### Your objective
Word for word, restate the lines from the one containing "1968 Imperial Manual-37" through the last line of the material, and include no pictures.

### Data shown

_ _ _ _ _ _ _

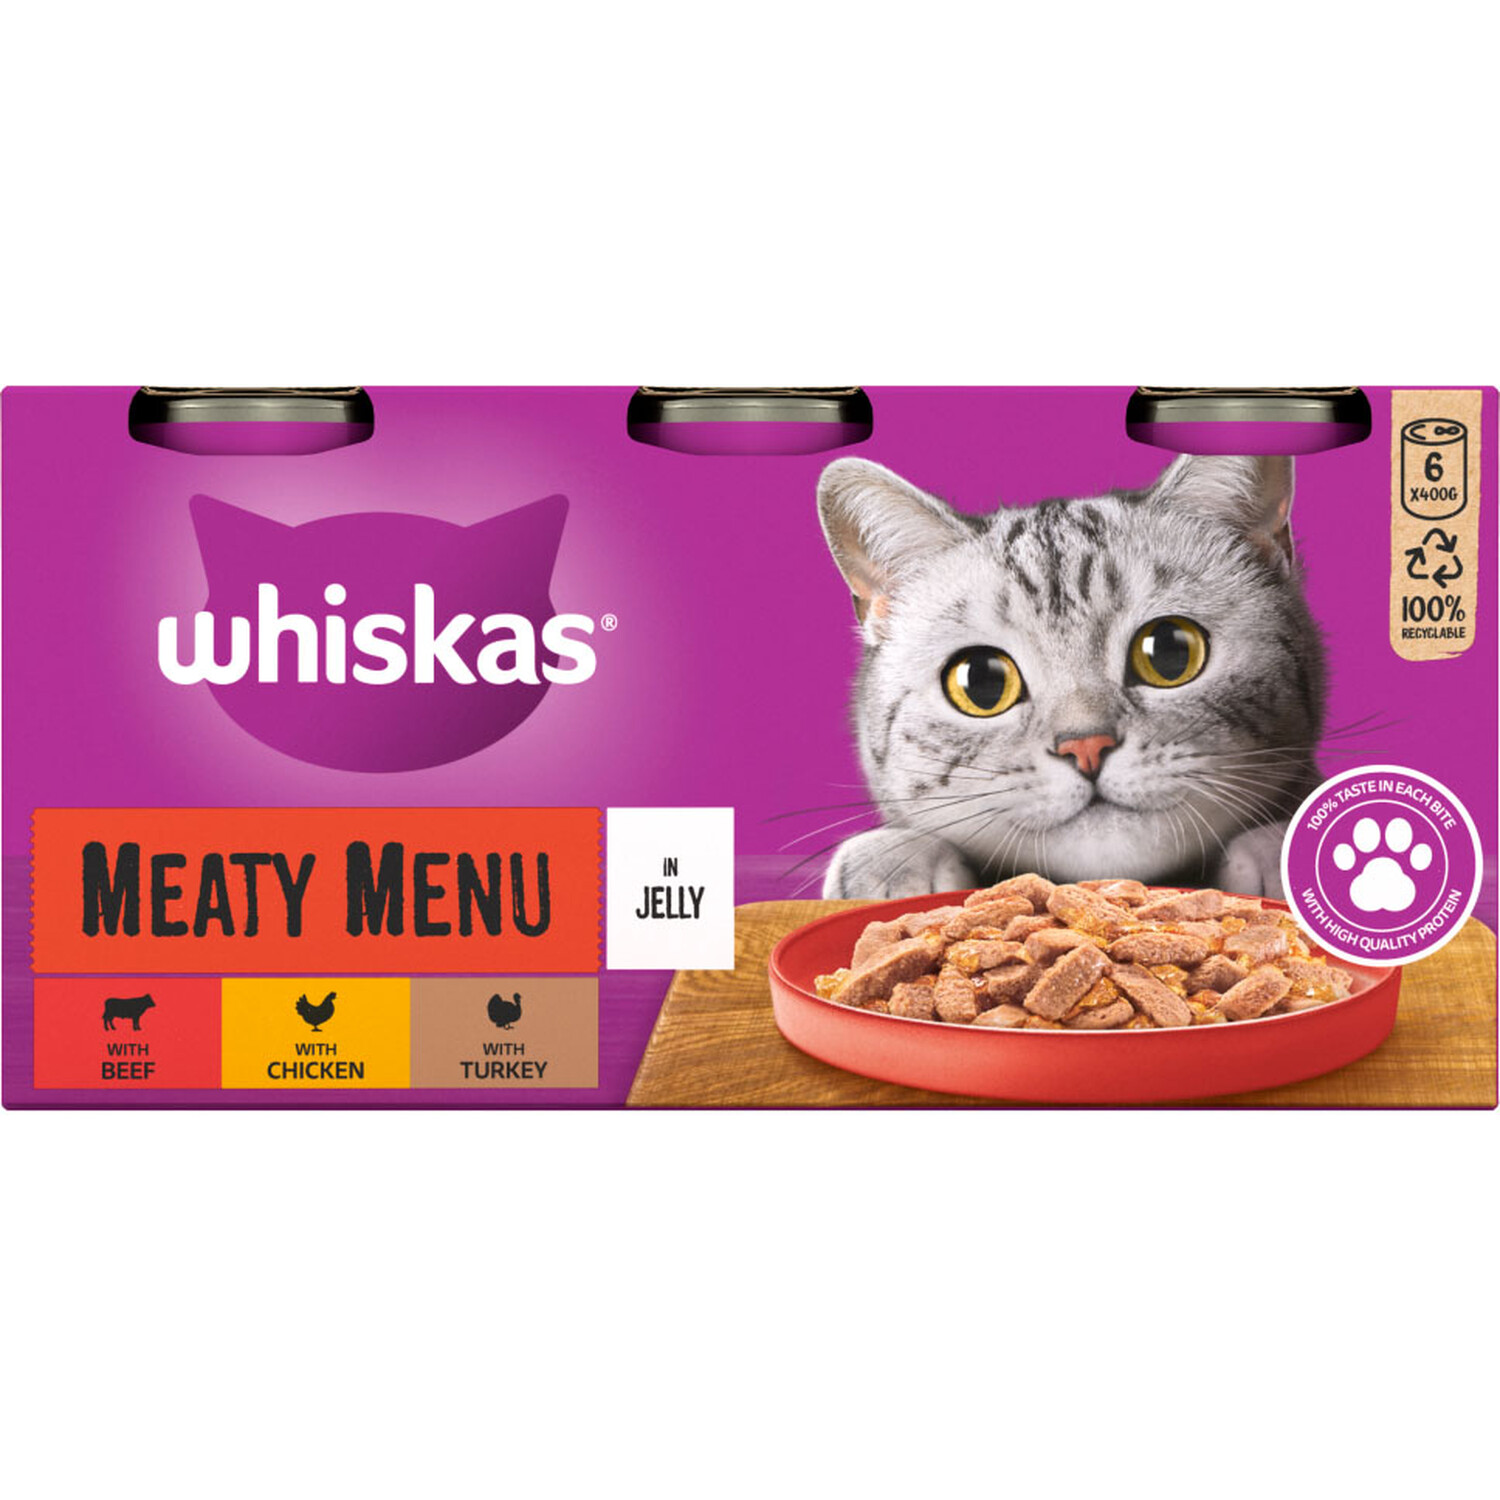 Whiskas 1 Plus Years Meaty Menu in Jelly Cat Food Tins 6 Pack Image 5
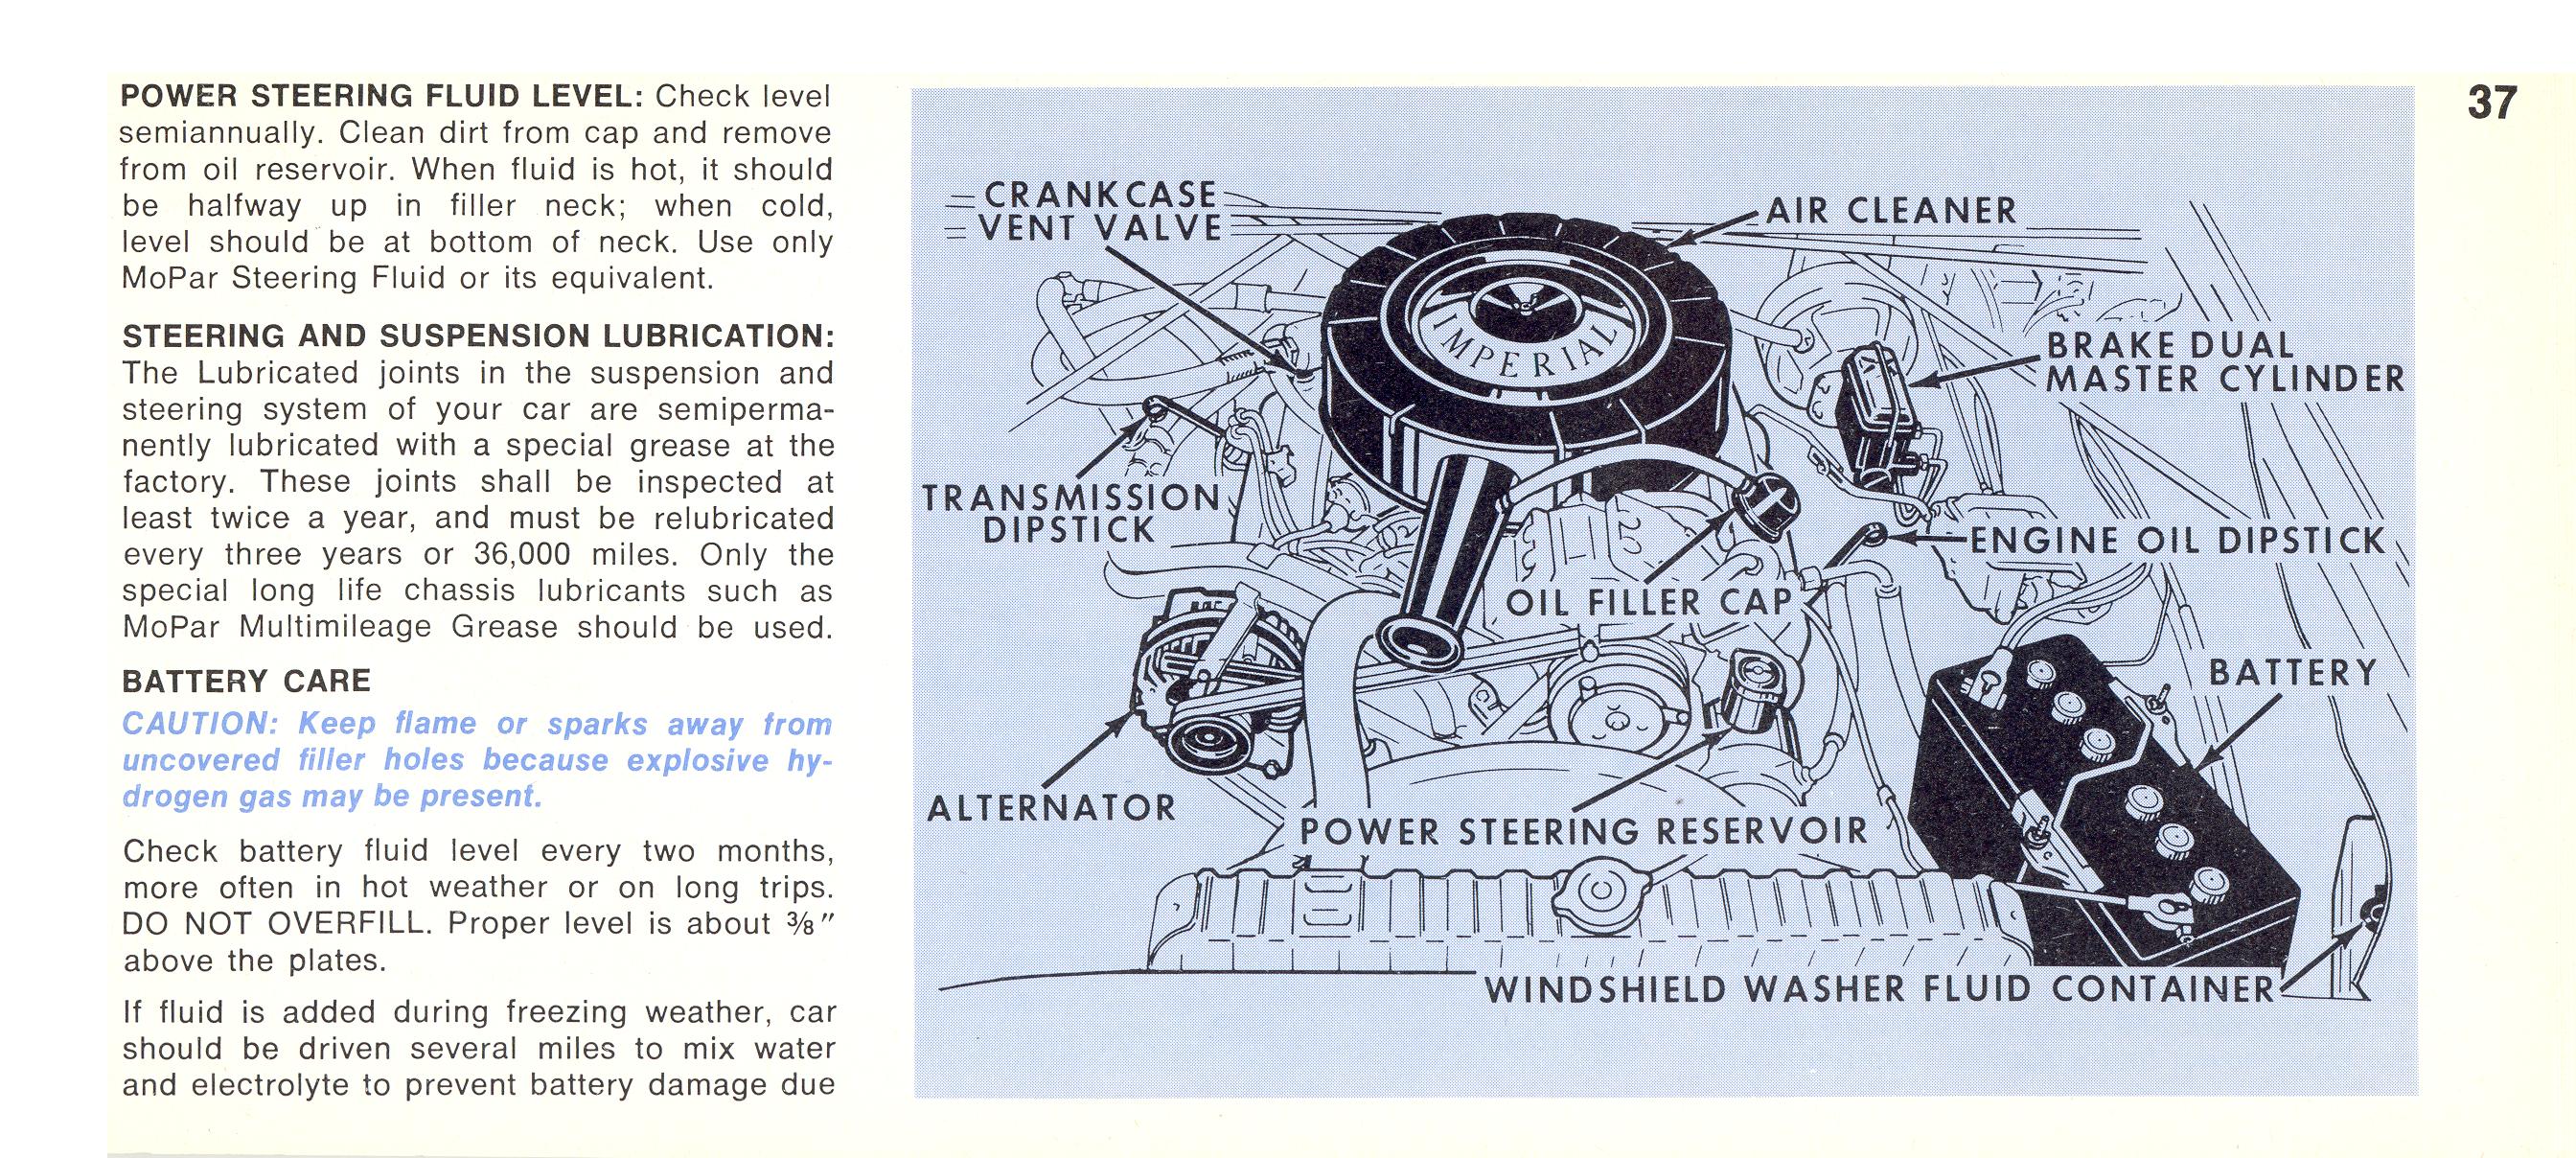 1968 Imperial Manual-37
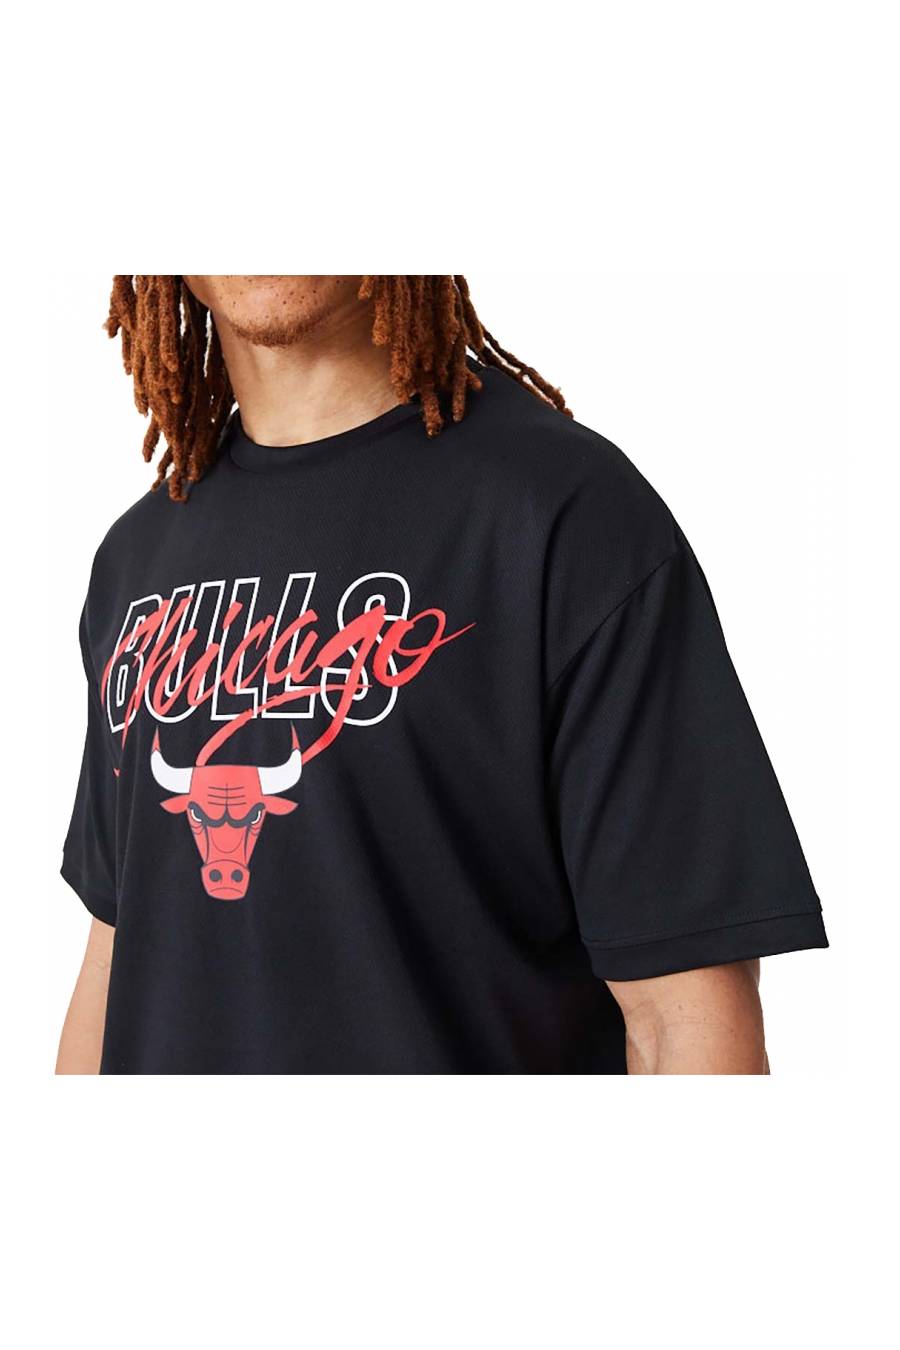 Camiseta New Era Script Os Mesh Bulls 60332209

_ _ _ _ _ _ _

### Answer for this exercise
 1968 Imperial Manual-37
 Camiseta New Era Script Os Mesh Bulls 60332209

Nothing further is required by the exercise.